*Supplied information:*
== Segment start ==

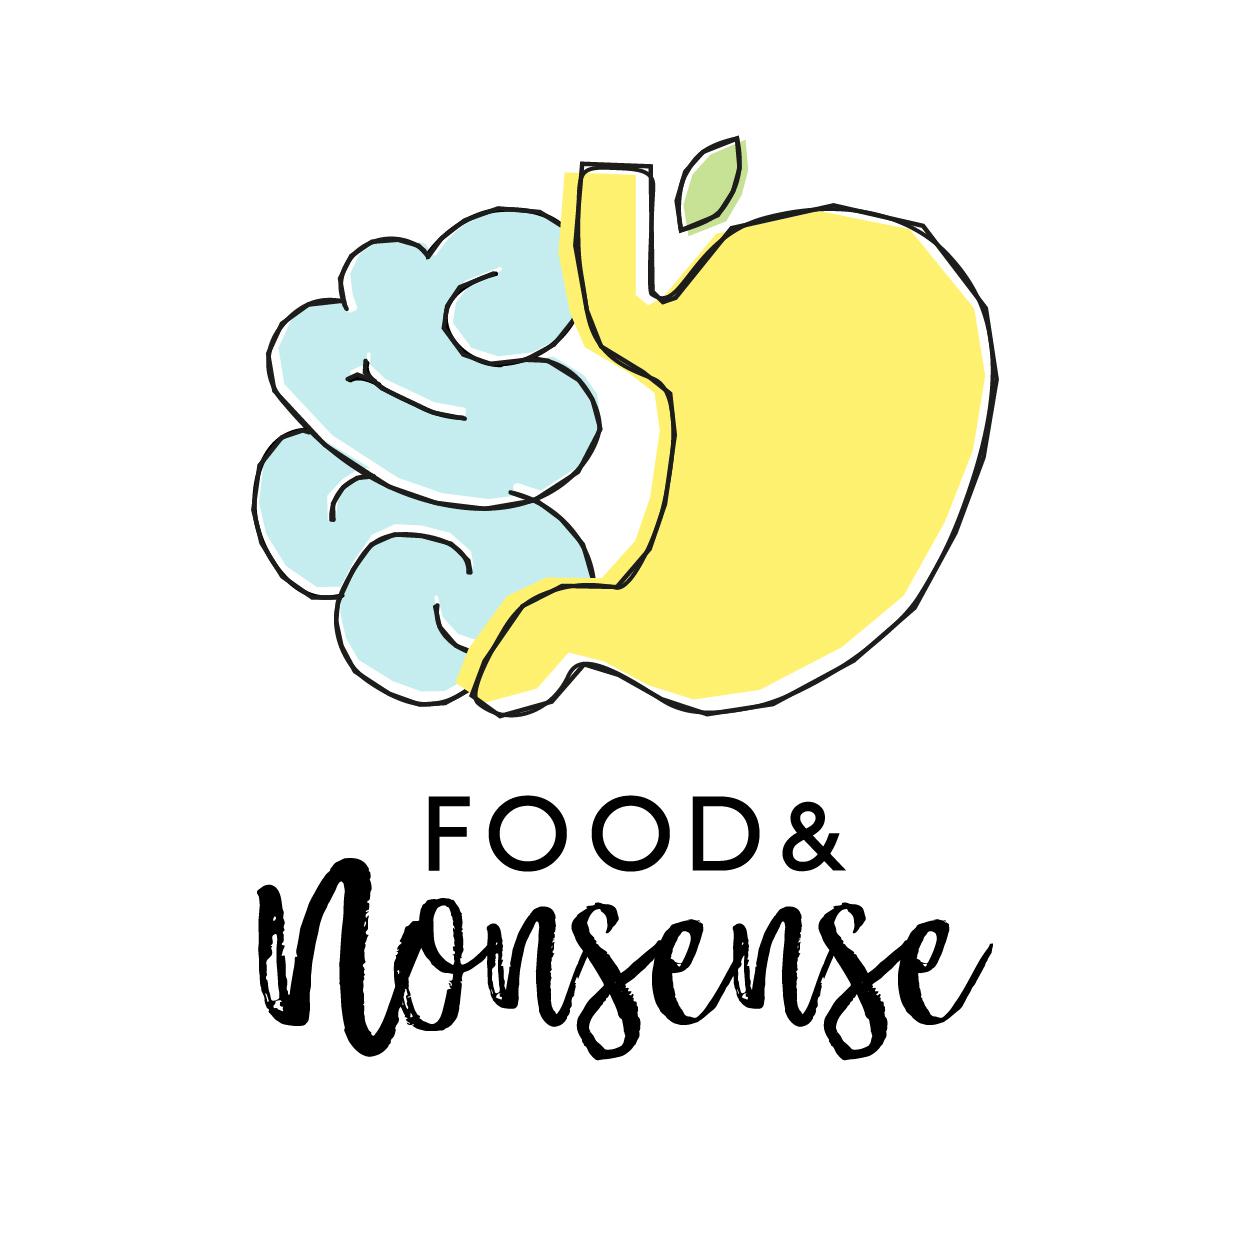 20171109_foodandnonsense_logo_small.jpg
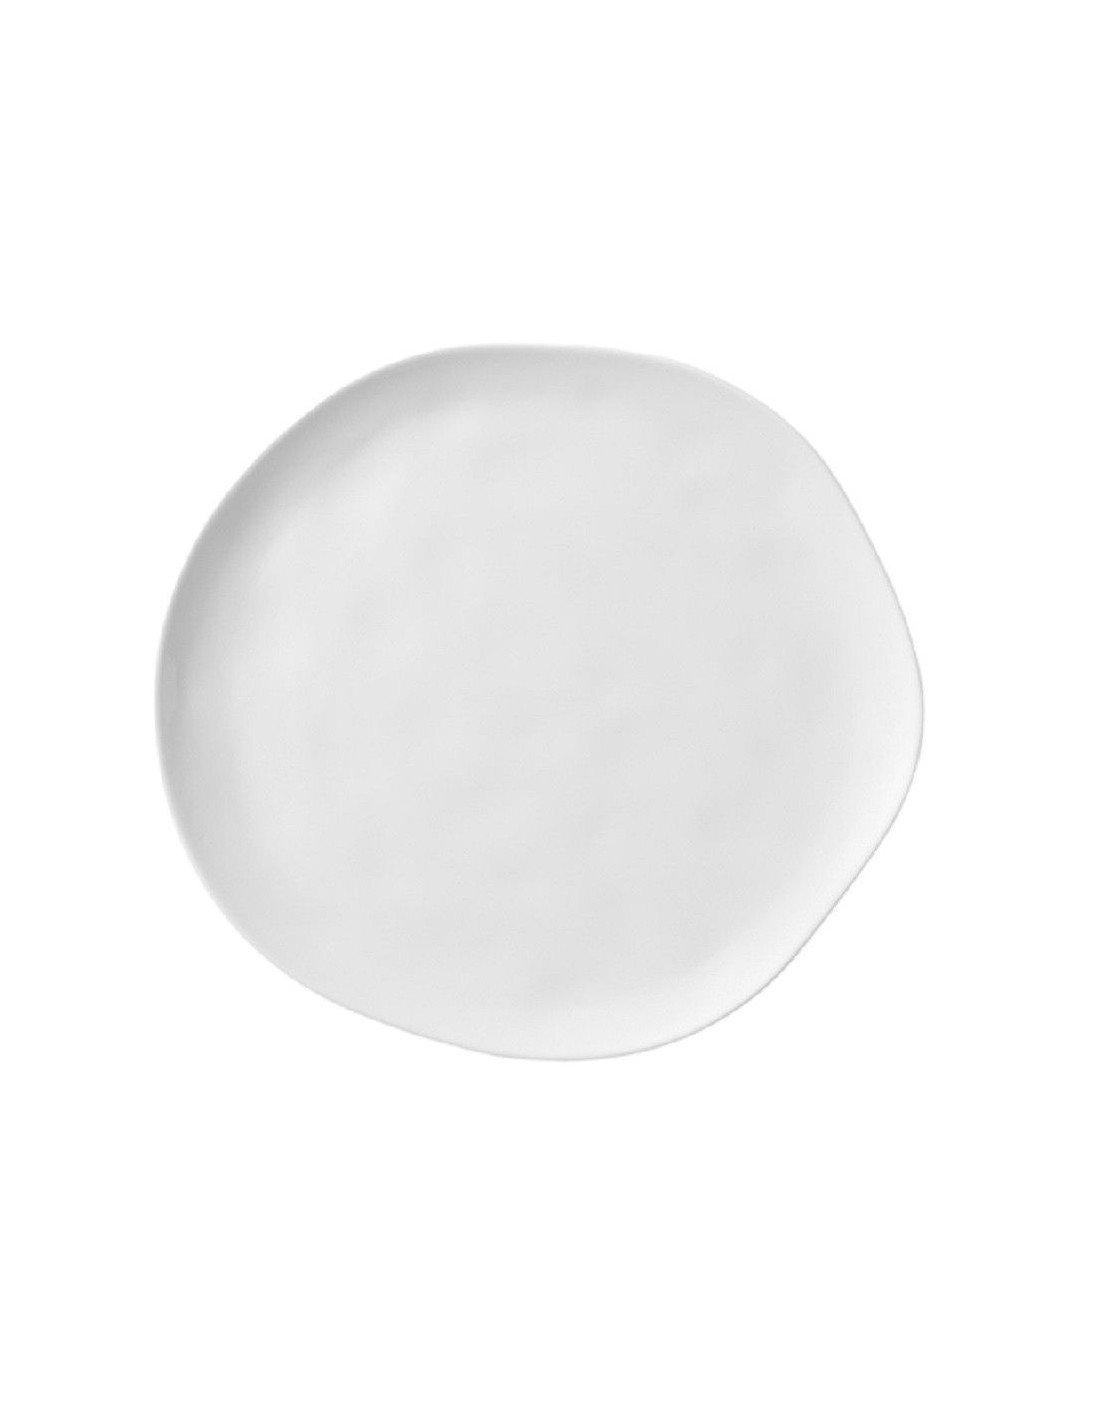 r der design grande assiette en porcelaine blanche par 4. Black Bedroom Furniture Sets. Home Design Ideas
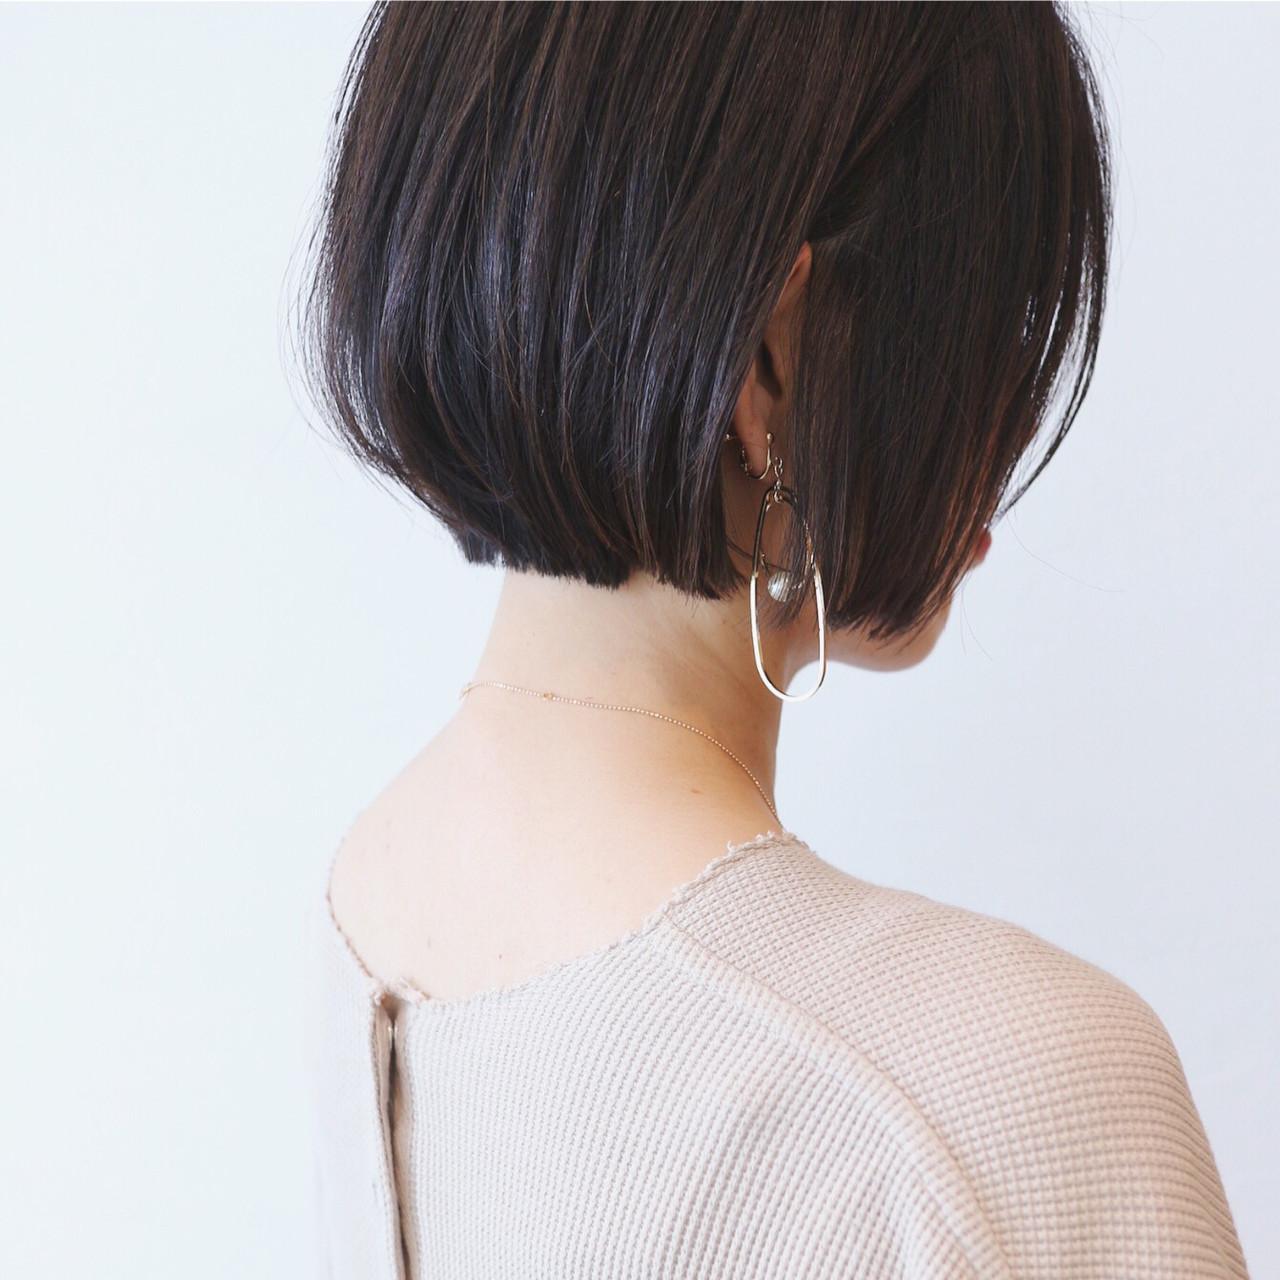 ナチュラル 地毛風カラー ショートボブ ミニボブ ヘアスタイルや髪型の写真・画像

== Segment end ==

*Problem details:*
Without the pictures, copy the material exactly as given.

*Task response:*
 20171109_foodandnonsense_logo_small.jpg
 r der design grande assiette en porcelaine blanche par 4. Black Bedroom Furniture Sets. Home Design Ideas
 ナチュラル 地毛風カラー ショートボブ ミニボブ ヘアスタイルや髪型の写真・画像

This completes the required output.